Self Organizing Migrating Algorithm
DOWNLOAD
Author : Donald Davendra
language : en
Publisher: Springer
Release Date : 2016-02-04
Self Organizing Migrating Algorithm written by Donald Davendra and has been published by Springer this book supported file pdf, txt, epub, kindle and other format this book has been release on 2016-02-04 with Technology & Engineering categories.

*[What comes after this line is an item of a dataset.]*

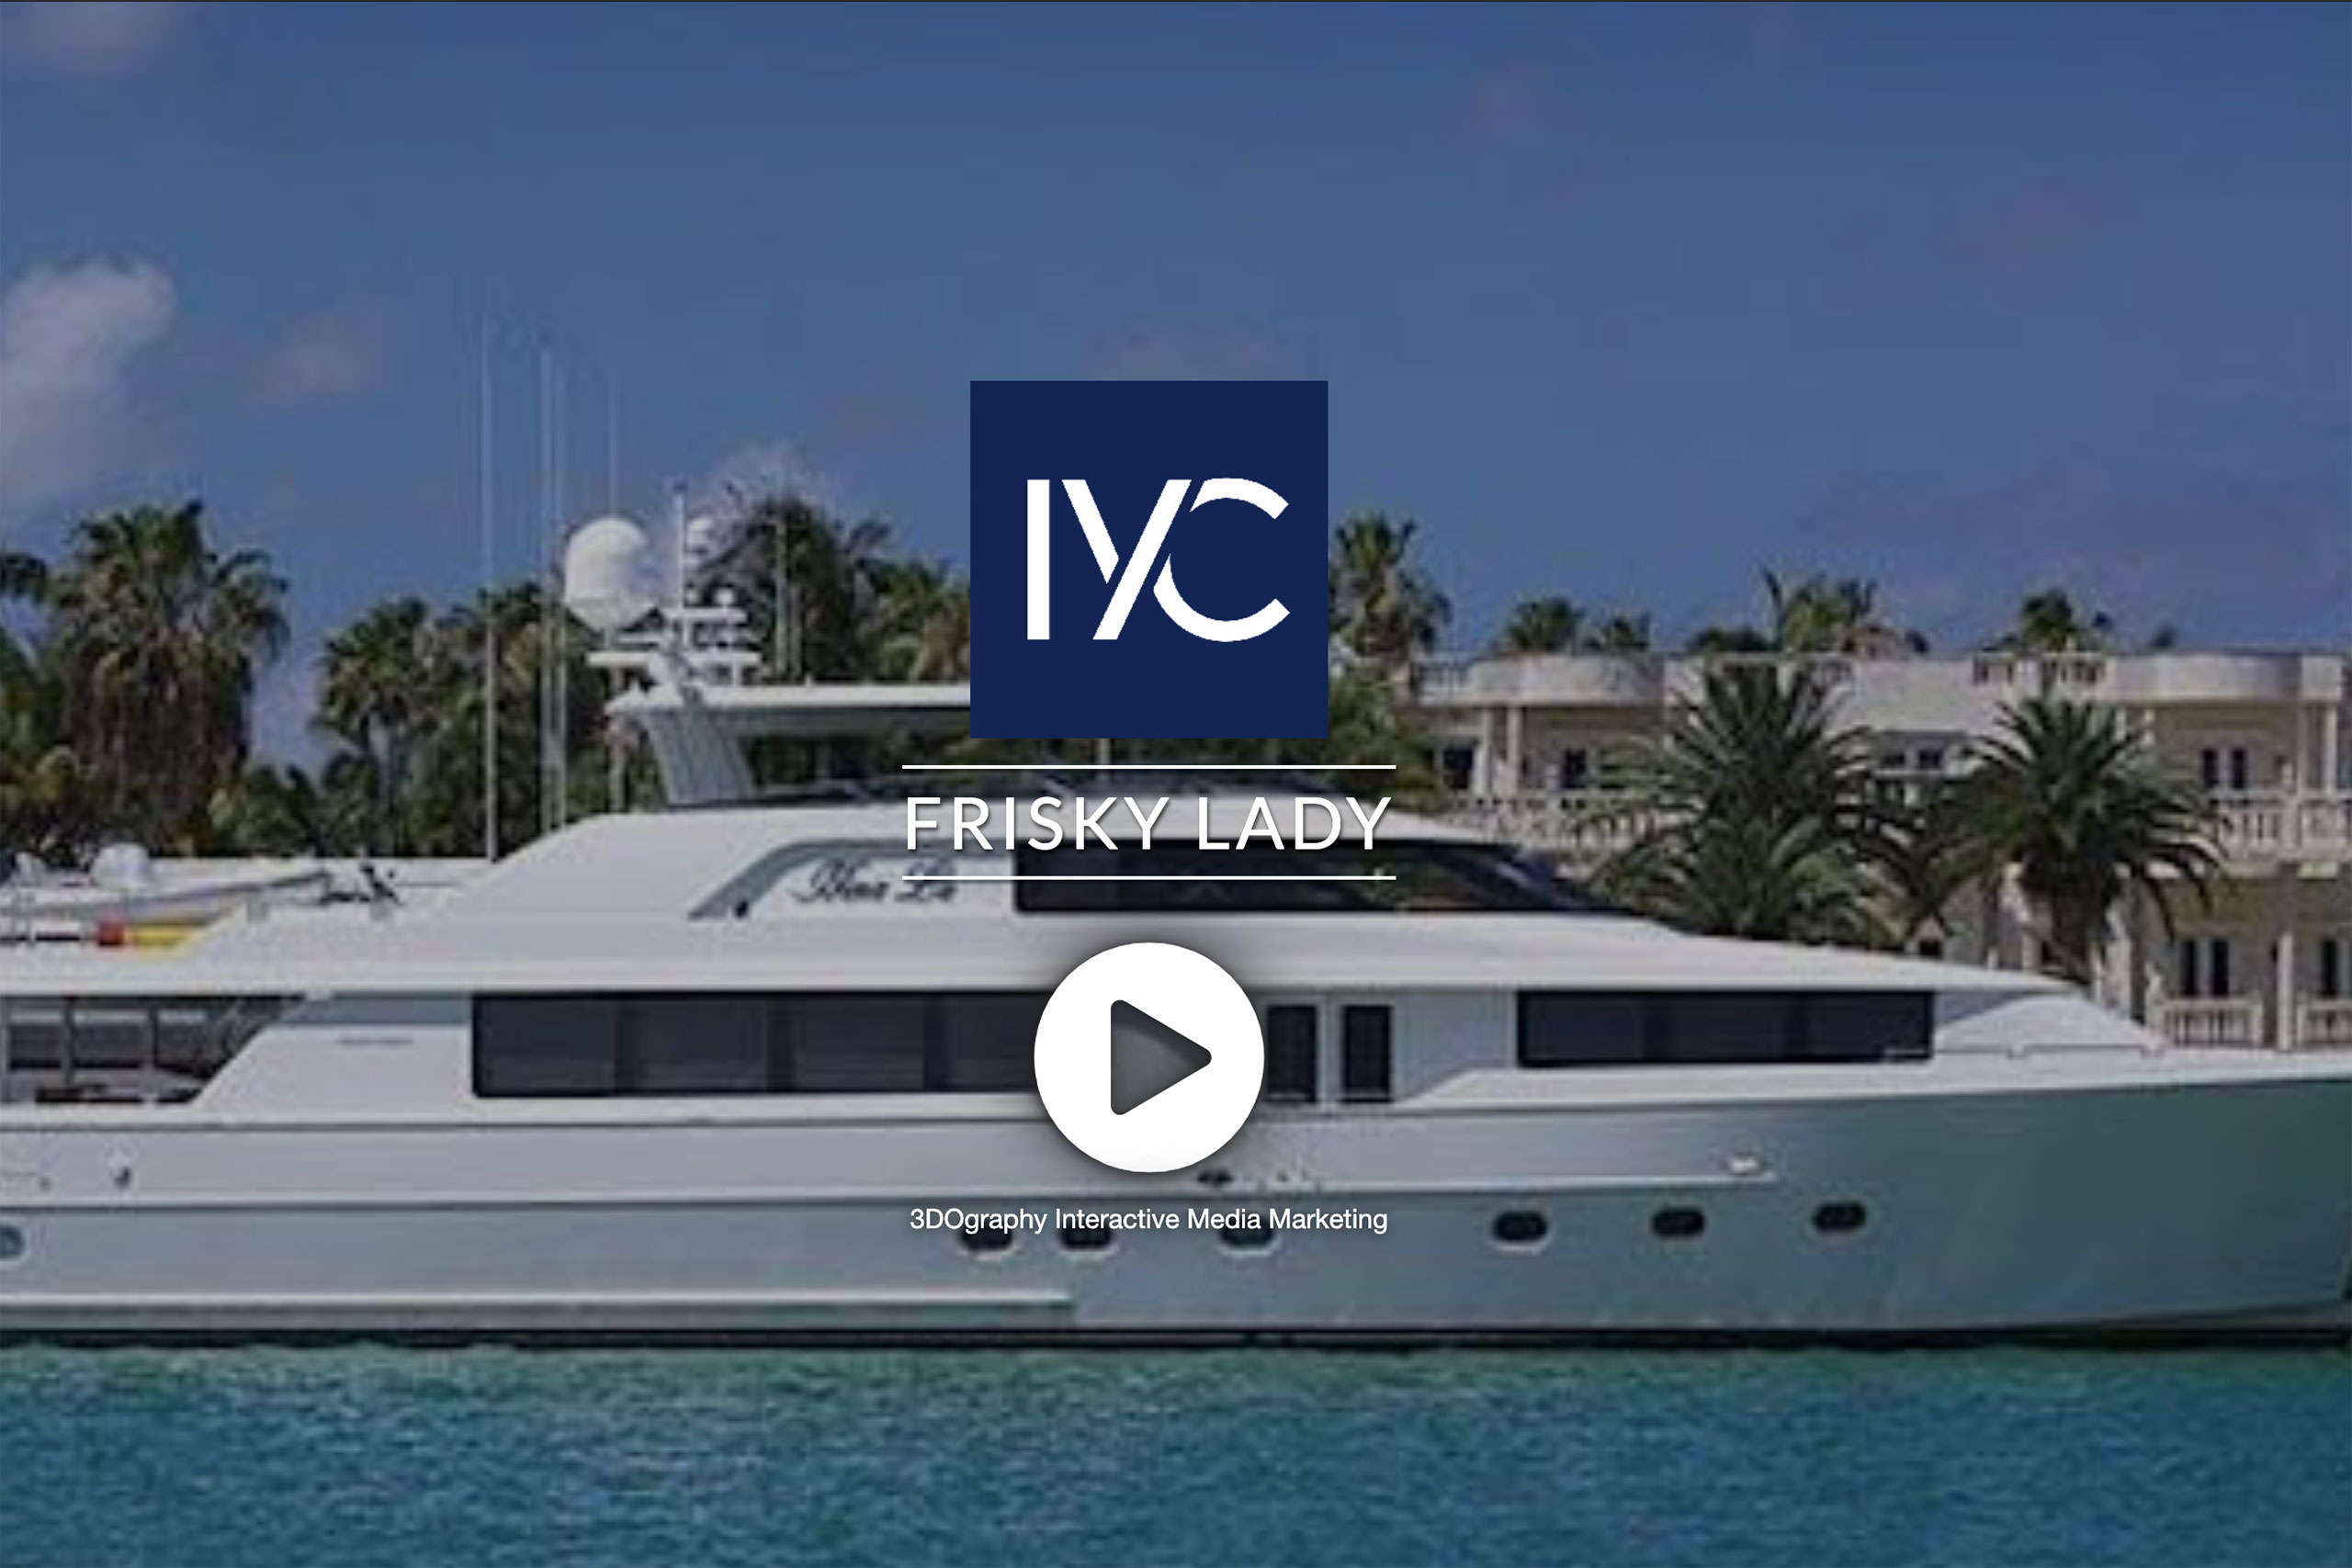 yacht-3d-tours-fort-lauderdale

This book brings together the current state of-the-art research in Self Organizing Migrating Algorithm (SOMA) as a novel population-based evolutionary algorithm, modeled on the predator-prey relationship, by its leading practitioners. As the first ever book on SOMA, this book is geared towards graduate students, academics and researchers, who are looking for a good optimization algorithm for their applications. This book presents the methodology of SOMA, covering both the real and discrete domains, and its various implementations in different research areas. The easy-to-follow and implement methodology used in the book will make it easier for a reader to implement, modify and utilize SOMA.
Evolutionary Algorithms In Intelligent Systems
DOWNLOAD
Author : Alfredo Milani
language : en
Publisher: MDPI
Release Date : 2020-12-07
Evolutionary Algorithms In Intelligent Systems written by Alfredo Milani and has been published by MDPI this book supported file pdf, txt, epub, kindle and other format this book has been release on 2020-12-07 with Technology & Engineering categories.
Evolutionary algorithms and metaheuristics are widely used to provide efficient and effective approximate solutions to computationally hard optimization problems. With the widespread use of intelligent systems in recent years, evolutionary algorithms have been applied, beyond classical optimization problems, to AI system parameter optimization and the design of artificial neural networks and feature selection in machine learning systems. This volume will present recent results of applications of the most successful metaheuristics, from differential evolution and particle swarm optimization to artificial neural networks, loT allocation, and multi-objective optimization problems. It will also provide a broad view of the role and the potential of evolutionary algorithms as service components in Al systems.